Ван принял душ, переоделся, допил бренди из фляжки в дорожном несессере и позвонил в женевский аэропорт, где узнал, что последний самолет из Америки только что приземлился. Вышел пройтись — и обнаружил, что достопамятная «mûrier»[534], средь газона на возвышении при начале мощеной улочки простершая свои громадные ветви над скромным клозетом, покрылась теперь щедрым лилово-голубым цветом. Он выпил пива в кафе напротив вокзала, после чего машинально зашел в цветочный магазин по соседству. Совсем память потерял, как можно забыть, что в прошлый раз она призналась в странной своей антофобии[535] (видимо, следствие того, тридцатилетней давности, бесчинства à trois[536]). Роз она никогда не любила. Ван смотрел, смотрел и уже не мог устоять перед ответным взором миниатюрных «карлос» из Бельгии, длинных «розовый восторг», алых «суперзвезд». Еще там были циннии, и хризантемы, и афеландры в горшках, и в стенном аквариуме две изящные вуалехвостки. Не желая обижать вежливую пожилую цветочницу, Ван купил семнадцать лишенных запаха роз «баккара», попросил адресную книгу, раскрыл на «Ад-Ау, Монтру», просиял при виде «Аддор, Йоланд, м-ль секрет., улица Наслаждений, 6» и с чисто американской непоколебимостью направил букет по этому адресу.

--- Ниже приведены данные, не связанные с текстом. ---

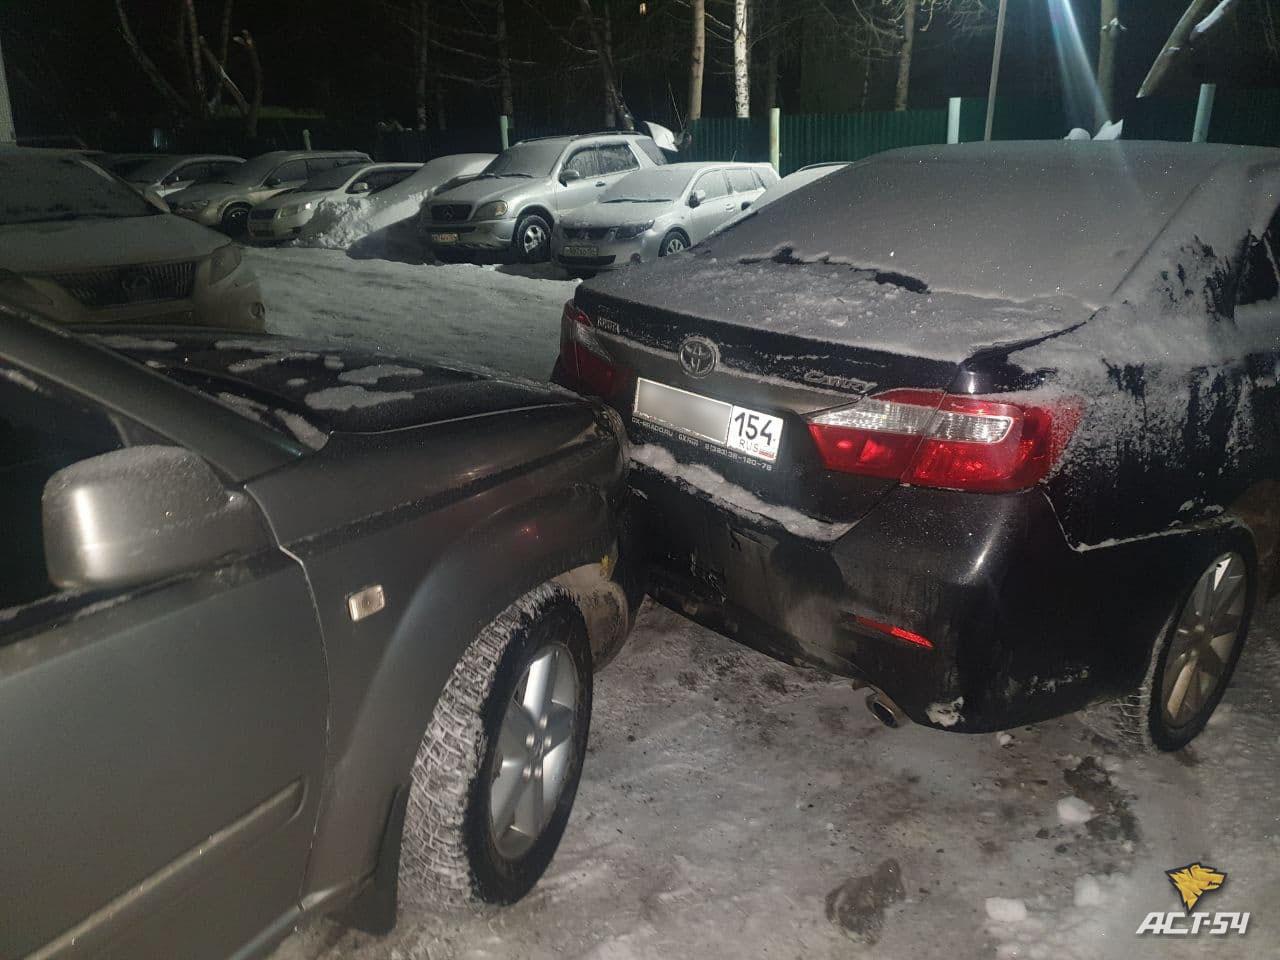 Фото В Новосибирске пьяный водитель на Subaru разбил семь машин во дворе 3

Народ уже торопился домой с работы. Мадемуазель Аддор в платье с влажными пятнами пота поднималась вверх по лестнице. В сурдинно звучащем Прошлом на улицах было значительно тише. Старая Моррисова колонна с бывшей актрисой на верхушке, а ныне королевой Португалии, уже не возвышалась больше на углу Шмэн де Мустру (старое искаженное название городка). Что как полк начнет муштру вдоль и поперек Мустру?

Горничная задернула шторы. Ван распахнул их на полную ширь, этим жестом как бы разводя шлюзы мук нынешнего дня. Достаточно выпуклый чугунный балкон еще ловил косые лучи заходящего солнца. Вану вспомнился его последний взгляд на озеро в тот проклятый октябрьский день 1905 года после расставания с Адой. Черные, как сажа, утки падали вниз и взлетали с вздувшейся от дождя поверхности озера в неистовом восторге от прибавившейся воды; прямо к дорожке вдоль берега накатывали, взвиваясь и спадая гроздьями пены, серые волны; то и дело бурная стихия, высоко вздымаясь, грозила выплеснуться через парапет. Но сейчас в этот сияющий летний вечер не вспенивались волны, не видно было птиц на воде; лишь пара чаек пролетела над озером, маша белыми крыльями над черным своим отражением. Широкое прекрасное озеро покоилось в сонной безмятежности, окаймляемое зеленой волнистостью, подернутое синей рябью, все в ясных пятнах прозрачной глади меж зыбью; и в самом нижнем левом углу этой картины решил блеснуть образчиком совершенно особого света, словно слепящие лучи закатного солнца искрились сквозь листву прибрежного ломбардского тополя, одновременно разжижая и воспламеняя ее.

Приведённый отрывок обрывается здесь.